Print each line from the start of the records below up through the line where "4er Premium V2A" is found, exactly as given.

Start of Block

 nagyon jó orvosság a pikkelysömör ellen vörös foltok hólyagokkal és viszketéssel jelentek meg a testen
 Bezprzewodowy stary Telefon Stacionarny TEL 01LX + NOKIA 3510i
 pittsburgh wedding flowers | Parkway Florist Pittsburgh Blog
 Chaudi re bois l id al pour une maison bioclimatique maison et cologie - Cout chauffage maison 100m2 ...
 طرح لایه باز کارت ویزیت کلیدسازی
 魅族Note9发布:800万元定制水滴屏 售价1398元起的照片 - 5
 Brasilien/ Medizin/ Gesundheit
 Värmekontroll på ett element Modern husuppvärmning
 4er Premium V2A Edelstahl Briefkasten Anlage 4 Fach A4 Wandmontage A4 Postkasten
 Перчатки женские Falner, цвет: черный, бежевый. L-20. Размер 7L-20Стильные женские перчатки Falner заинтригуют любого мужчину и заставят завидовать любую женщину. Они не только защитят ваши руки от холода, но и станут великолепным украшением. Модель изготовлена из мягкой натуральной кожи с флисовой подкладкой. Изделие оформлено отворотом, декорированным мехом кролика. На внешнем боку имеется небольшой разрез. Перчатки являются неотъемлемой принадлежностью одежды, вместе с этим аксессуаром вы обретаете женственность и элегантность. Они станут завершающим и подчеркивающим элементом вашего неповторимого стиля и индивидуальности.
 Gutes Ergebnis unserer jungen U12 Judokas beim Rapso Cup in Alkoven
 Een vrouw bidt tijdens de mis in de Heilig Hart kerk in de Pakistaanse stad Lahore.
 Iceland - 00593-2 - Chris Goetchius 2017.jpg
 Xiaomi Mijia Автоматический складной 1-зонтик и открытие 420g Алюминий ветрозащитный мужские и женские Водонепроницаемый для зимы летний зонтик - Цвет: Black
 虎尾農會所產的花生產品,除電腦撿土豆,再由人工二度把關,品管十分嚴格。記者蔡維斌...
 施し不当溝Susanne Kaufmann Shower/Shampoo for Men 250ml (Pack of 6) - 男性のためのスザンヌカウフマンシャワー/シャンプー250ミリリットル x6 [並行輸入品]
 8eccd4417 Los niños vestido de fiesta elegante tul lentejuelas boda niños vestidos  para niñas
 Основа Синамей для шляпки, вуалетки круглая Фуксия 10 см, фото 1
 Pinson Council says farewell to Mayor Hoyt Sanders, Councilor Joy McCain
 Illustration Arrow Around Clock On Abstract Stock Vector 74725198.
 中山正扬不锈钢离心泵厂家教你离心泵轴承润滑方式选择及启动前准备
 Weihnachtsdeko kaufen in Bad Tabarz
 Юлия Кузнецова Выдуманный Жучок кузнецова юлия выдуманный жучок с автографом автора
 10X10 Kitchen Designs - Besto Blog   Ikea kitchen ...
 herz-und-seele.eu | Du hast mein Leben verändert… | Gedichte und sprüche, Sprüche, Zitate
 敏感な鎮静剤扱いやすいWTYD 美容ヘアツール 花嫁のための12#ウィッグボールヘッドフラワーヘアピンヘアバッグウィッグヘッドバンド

End of Block

— TASK RESULT —
 nagyon jó orvosság a pikkelysömör ellen vörös foltok hólyagokkal és viszketéssel jelentek meg a testen
 Bezprzewodowy stary Telefon Stacionarny TEL 01LX + NOKIA 3510i
 pittsburgh wedding flowers | Parkway Florist Pittsburgh Blog
 Chaudi re bois l id al pour une maison bioclimatique maison et cologie - Cout chauffage maison 100m2 ...
 طرح لایه باز کارت ویزیت کلیدسازی
 魅族Note9发布:800万元定制水滴屏 售价1398元起的照片 - 5
 Brasilien/ Medizin/ Gesundheit
 Värmekontroll på ett element Modern husuppvärmning
 4er Premium V2A Edelstahl Briefkasten Anlage 4 Fach A4 Wandmontage A4 Postkasten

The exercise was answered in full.